Play with sizeof to get the size of the integer, in order to avoid a huge if...else statement
EDIT:
Let us see
if (number>0) {
// Well, whe have the first and only digit
} else if (number>10) {
int first_digit = number/10;
int second_digit = number % 10;
} else if (number>100) {
int first_digit = number/100;
int second_digit = (number % 100)/10;
int third_digit = (number % 100) % 10;
} ...
and so on, I suppose
// u_i is the user input, My homework asked me to extract a long long, however, this should also be effective for a long.
int digits = 0;
long long d_base = 1;
int d_arr[20];
while (u_i / d_base > 0)
{
d_arr[digits] = (u_i - u_i / (d_base * 10) * (d_base * 10)) / d_base;
u_i -= d_arr[digits] * d_base;
d_base *= 10;
digits++;
}
EDIT: the extracted individual digit now lives in the int array d_arr. I'm not good at C, so I think the array declaration can be optimized.

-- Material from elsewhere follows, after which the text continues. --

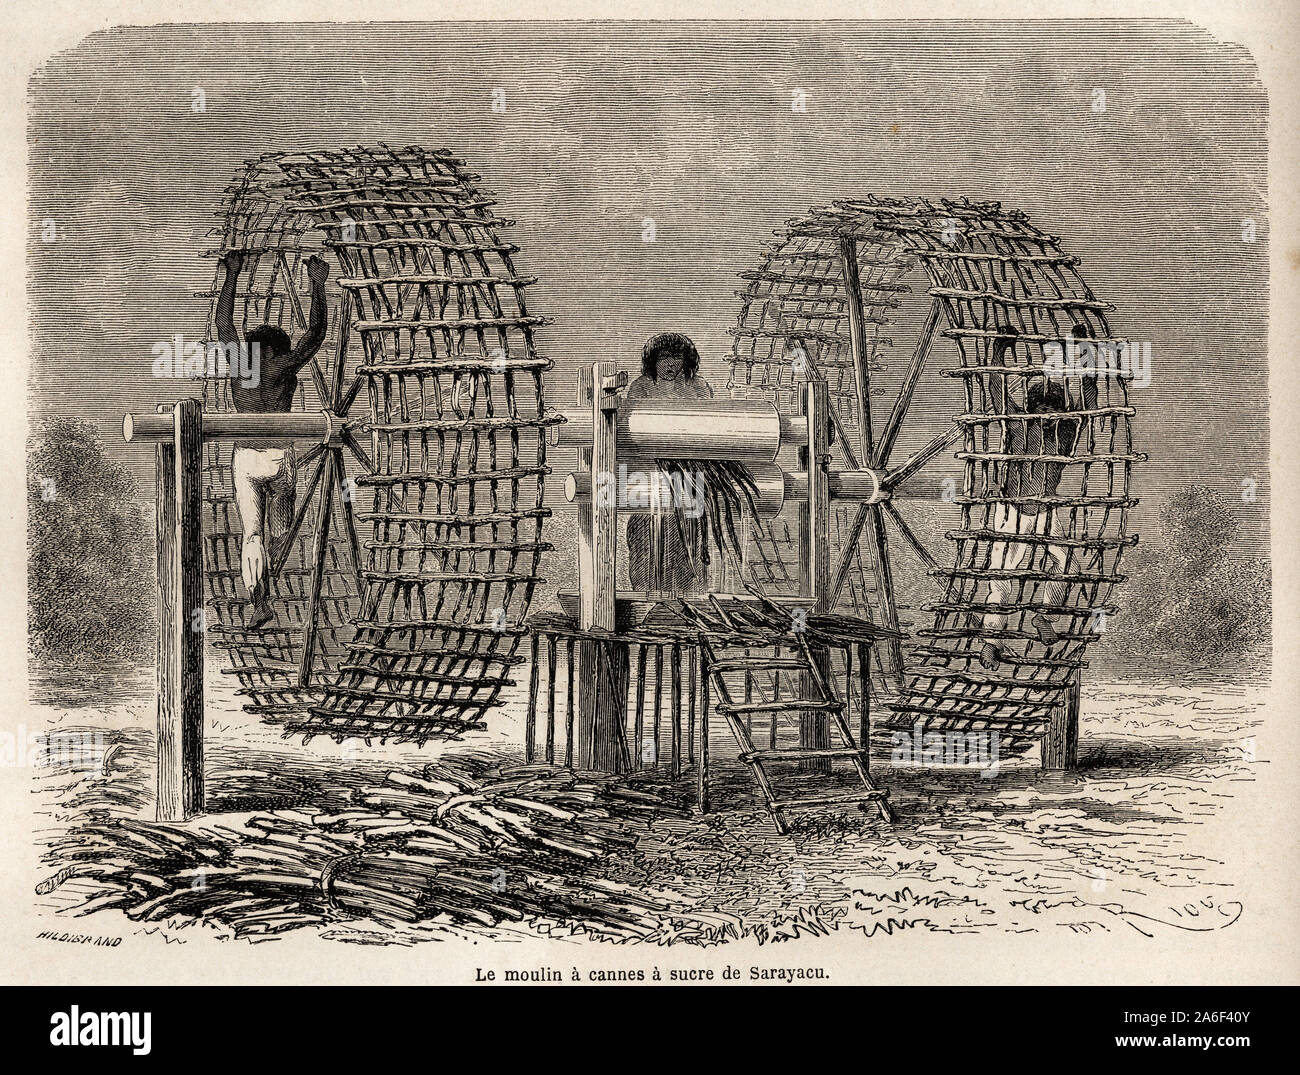 Le moulin-cage a broyer la canne a sucre de Sarayacu (Perou), dessin de Riou, pour illustrer le voyage de l'Ocean Pacifique a l'Ocean Atlantique, de 1 Stock Photo

Here's a working example in plain C :
#include <stdio.h>
unsigned long alePow (unsigned long int x, unsigned long int y);
int main( int argc, const char* argv[] )
{
int enter_num, temp_num, sum = 0;
int divisor, digit, count = 0;
printf("Please enter number\n");
scanf("%d", &enter_num);
temp_num = enter_num;
// Counting the number of digits in the entered integer
while (temp_num != 0)
{
temp_num = temp_num/10;
count++;
}
temp_num = enter_num;
// Extracting the digits
printf("Individual digits in the entered number are ");
do
{
divisor = (int)(alePow(10.0, --count));
digit = temp_num / divisor;
temp_num = temp_num % divisor;
printf(" %d",digit);
sum = sum + digit;
}
while(count != 0);
printf("\nSum of the digits is = %d\n",sum);
return 0;
}
unsigned long alePow(unsigned long int x, unsigned long int y) {
if (x==0) { return 0; }
if (y==0||x==1) { return 1; }
if (y==1) { return x; }
return alePow(x*x, y/2) * ((y%2==0) ? 1 : x);
}
I would suggest loop-unrolling.
int a=-1, b=-1, c=-1, d=-1, e=1, f=-1, g=-1, h=-1, i=-1; // for holding 9 digits
int count = 0; //for number of digits in the given number
if(number>0) {
i=number%10;
number/=10;
count++;
}
if(number>0) {
h=number%10;
number/=10;
count++;
}
if(number>0) {
g=number%10;
number/=10;
count++;
}
....
....
/* All the way down to the storing variable a */
Now, you know the number of digits (variable count) and they are stored in which of the variables. Now you have all digits and you can check their "decreasing", "increasing" etc with lots of if's !
I can't really think of a better soltion given all your conditions.